Although we don't believe in timing the market or panicking over market movements, we do like to keep an eye on big changes -- just in case they're material to our investing thesis.

What: Shares of wing-slinging restaurant Buffalo Wild Wings (Nasdaq: BWLD) were ice cold today, falling as much as 13% in intraday trading after the company announced second-quarter results.

So what: It's earnings season ,and that means that any company unfortunate enough to miss earnings expectations is bound to see its stock take a drubbing. And that's exactly what happened to Buffalo Wild Wings. Revenue for the second quarter increased 30% from last year, hitting $239 million. Earnings per share, meanwhile, clocked in at $0.62, up from $0.58 last year. Analysts, however, had been looking for per-share profit of $0.68 on revenue of $240 million.
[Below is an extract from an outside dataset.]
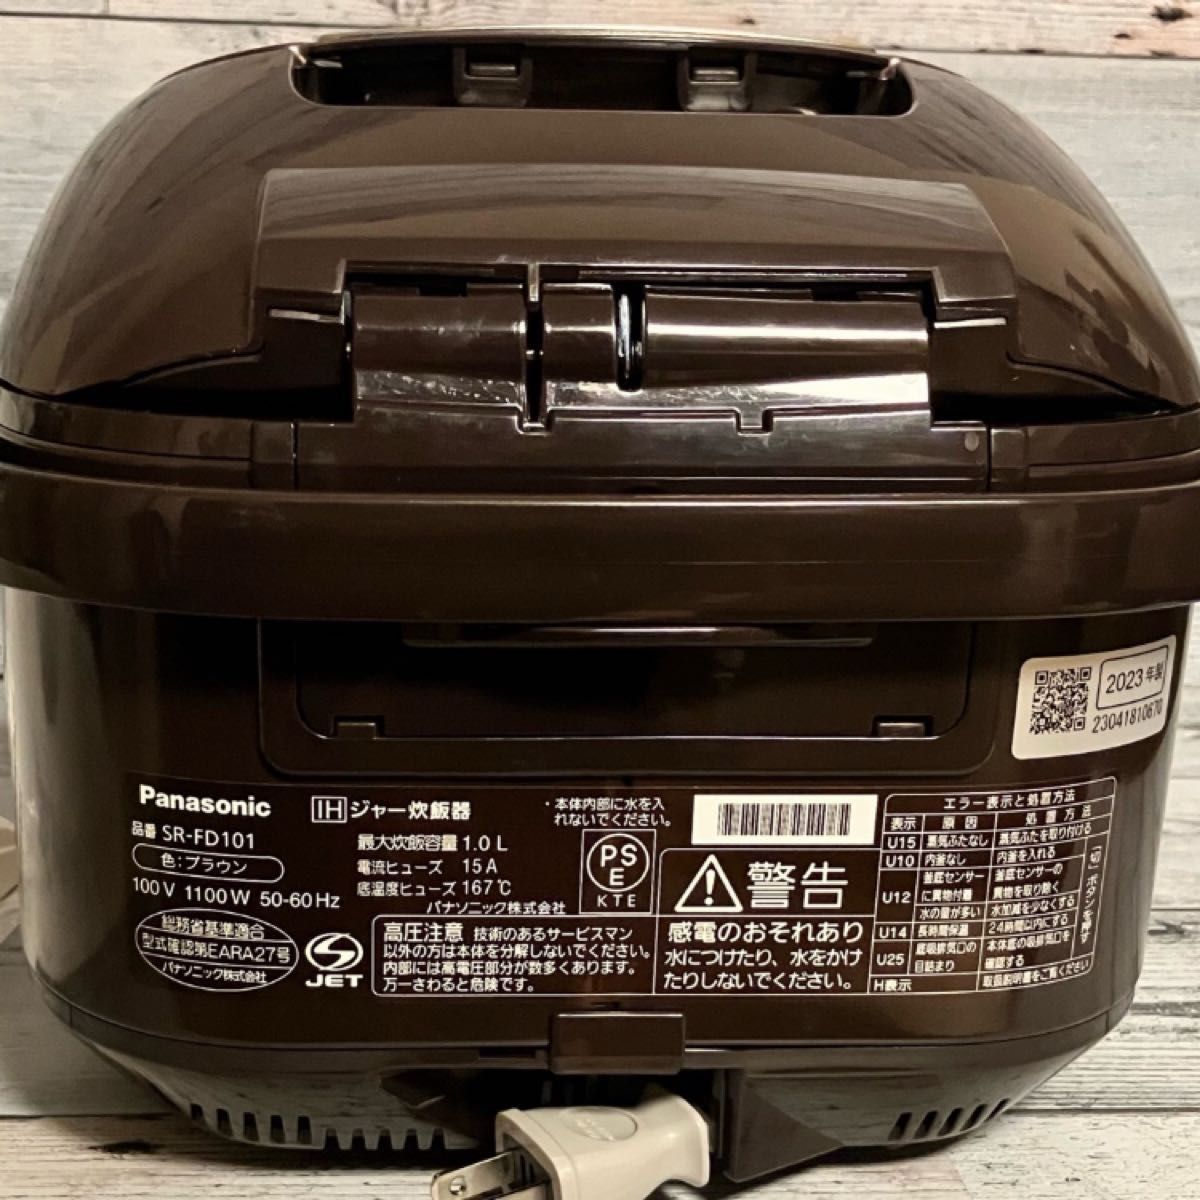 未使用品 Panasonic 炊飯器 SR-FD101 ブラウン

Now what: Forget the rain: Blame it on the chicken wings. Prices for chicken wings -- not surprisingly a key input cost for B-Wild -- rose drastically from last year, putting pressure on the company's bottom line. Buffalo Wild Wings has tried to pass some of the costs through to customers with price increases, but that's a tough proposition when consumers aren't exactly feeling happy-go-lucky.

The good news here is that B-Wild's quarter showed that it's still a successful, growing restaurant chain despite the economy and its significant chicken challenges. On the other hand, unless the economy or chicken wing prices (or both) turn around soon, the headwinds could continue and may put more pressure on the stock.